Chicagoland

Guadalupe shrine cancels in-person feast celebrations due to COVID-19

By Joyce Duriga | Editor
Wednesday, December 2, 2020

Pilgrims make their way past the image of Mary at the Shrine of Our Lady of Guadalupe in Des Plaines on the eve of her feast day Dec. 11, 2019. The celebration, which draws more than 100,000 pilgrims to the shrine over 24 hours, has been canceled this year because of the pandemic. (Karen Callaway/Chicago Catholic)

The more than 100,000 pilgrims who visit the Shrine of Our Lady of Guadalupe in Des Plaines each year between Dec. 11 and 12 will have to celebrate the feast day privately this year because the pandemic has forced the shrine to cancel celebrations.

Mexican church and civic officials have also canceled public feast celebrations for Mexico’s patroness at her shrine in Mexico City due to the COVID-19 pandemic. The celebration normally attracts 10 million pilgrims to the Basilica of Our Lady of Guadalupe in Mexico City.

The Des Plaines site is the only sister-shrine to the main basilica.

Local shrine staff began considering in September whether the feast of Our Lady of Guadalupe celebrations could take place safely in light of COVID-19 restrictions, said Father Esequiel Sanchez, rector of the shrine.

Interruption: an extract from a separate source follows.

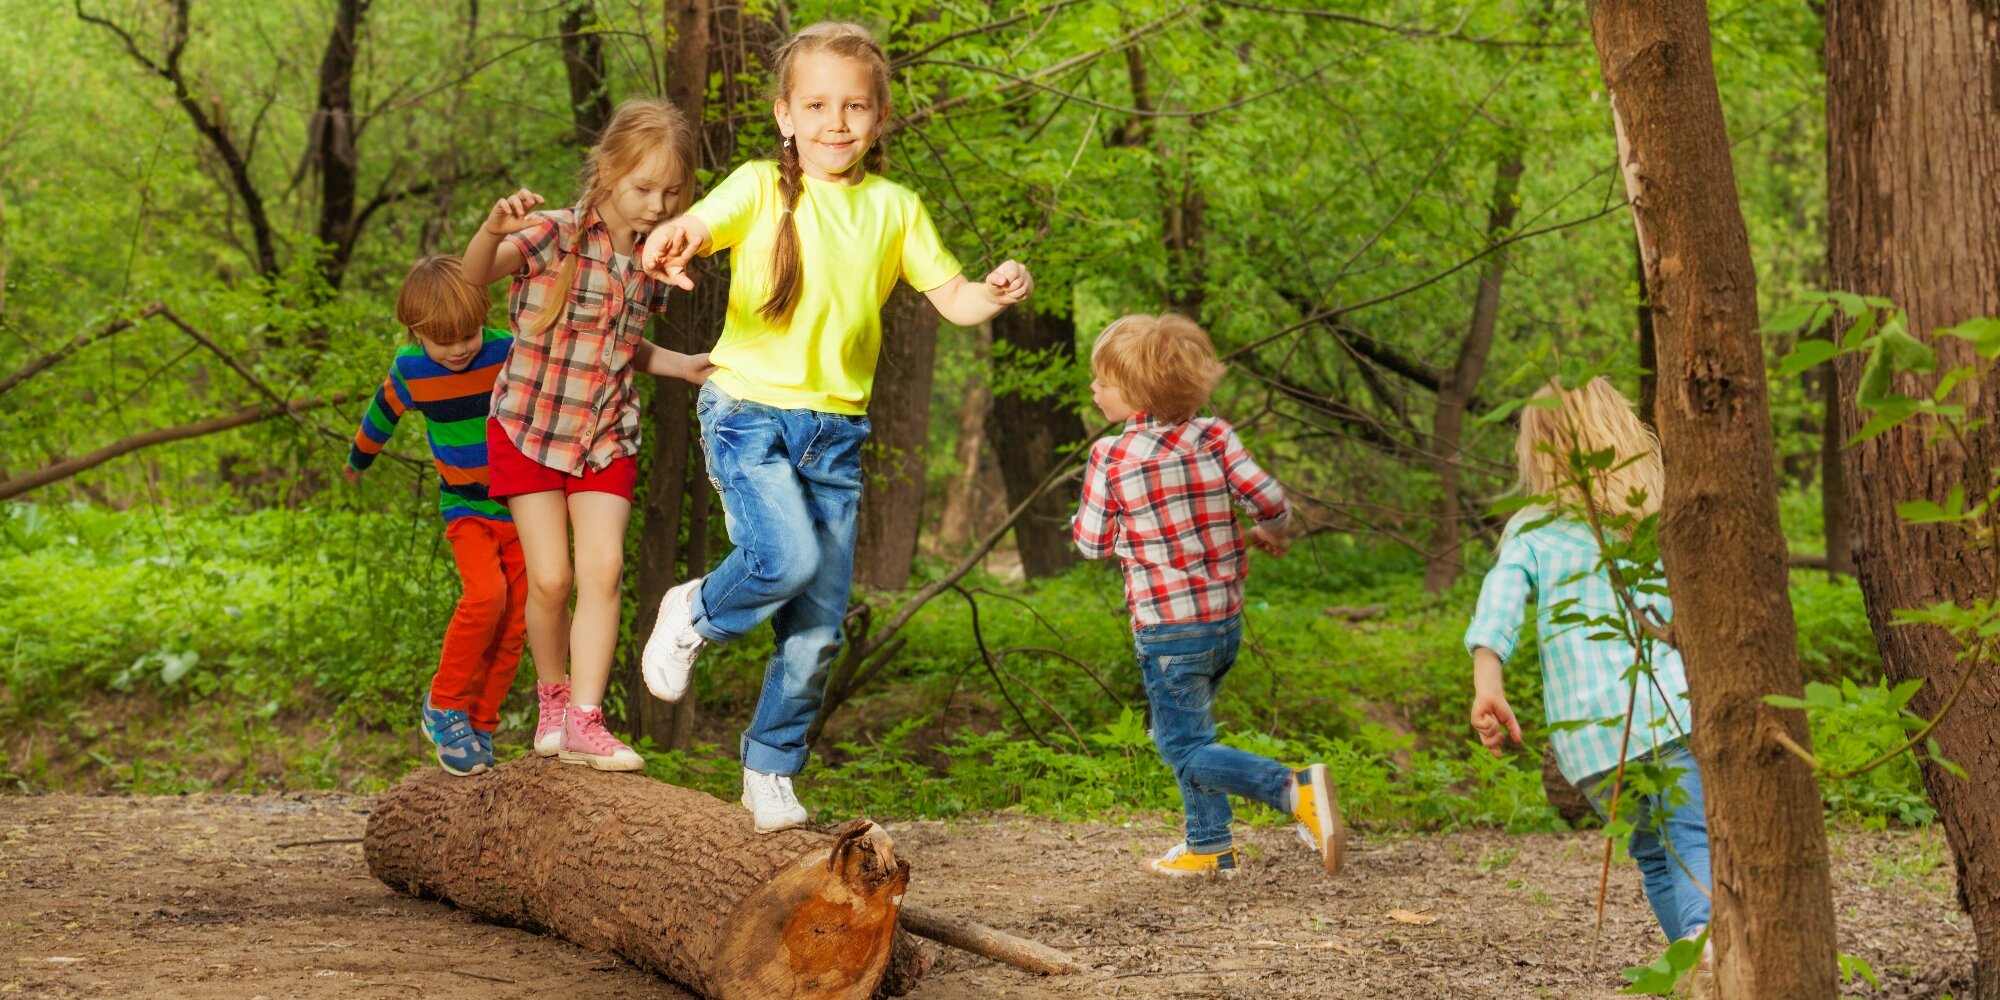 Прятки в парке аттракционов. Детская игрушка в лесу. Дети играют в ПРЯТКИ на природе. Игры для детей в лесу на природе. ПРЯТКИ В лесу.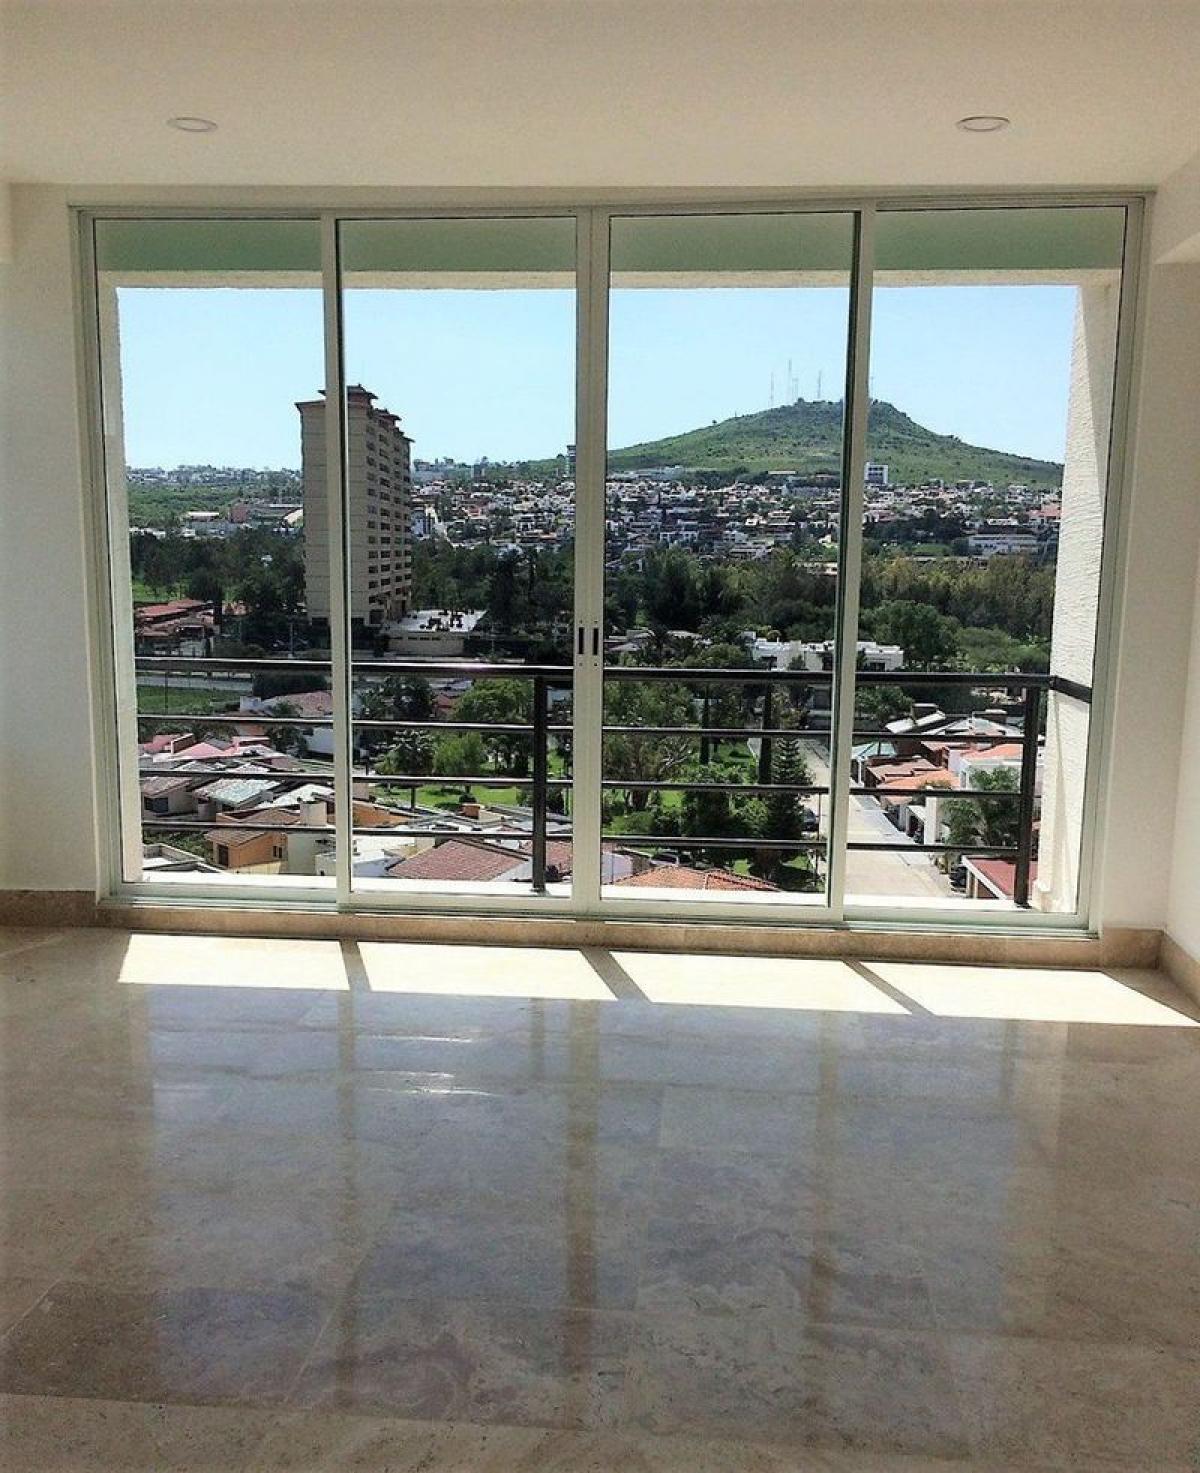 Picture of Apartment For Sale in Guanajuato, Guanajuato, Mexico

While many of the celebrations take place outdoors in the shrine’s plaza, when the number of people testing positive for COVID-19 began to spike this fall, they knew they would have to cancel.

The annual feast day celebration at the shrine draws pilgrims from all over the Midwest and features indoor and outdoor Masses held regularly over the 24-hour period, visits to the outdoor image of Our Lady of Guadalupe where people leave flowers and candles, performances by ethnic musical groups, torch runs from parishes, traditional Mexican food and more.

Since a lot of preparations go into the event, a decision to cancel couldn’t be made at the last minute, Sanchez said.

“After a while, we just realized this thing is really getting out of hand,” Sanchez said. “Talking to the cardinal and all the folks involved, I made the decision. I said, I can’t guarantee people’s safety. Ultimately that’s what it’s about.”

Throughout the pandemic, the shrine has enforced social distancing measures so pilgrims could continue to visit.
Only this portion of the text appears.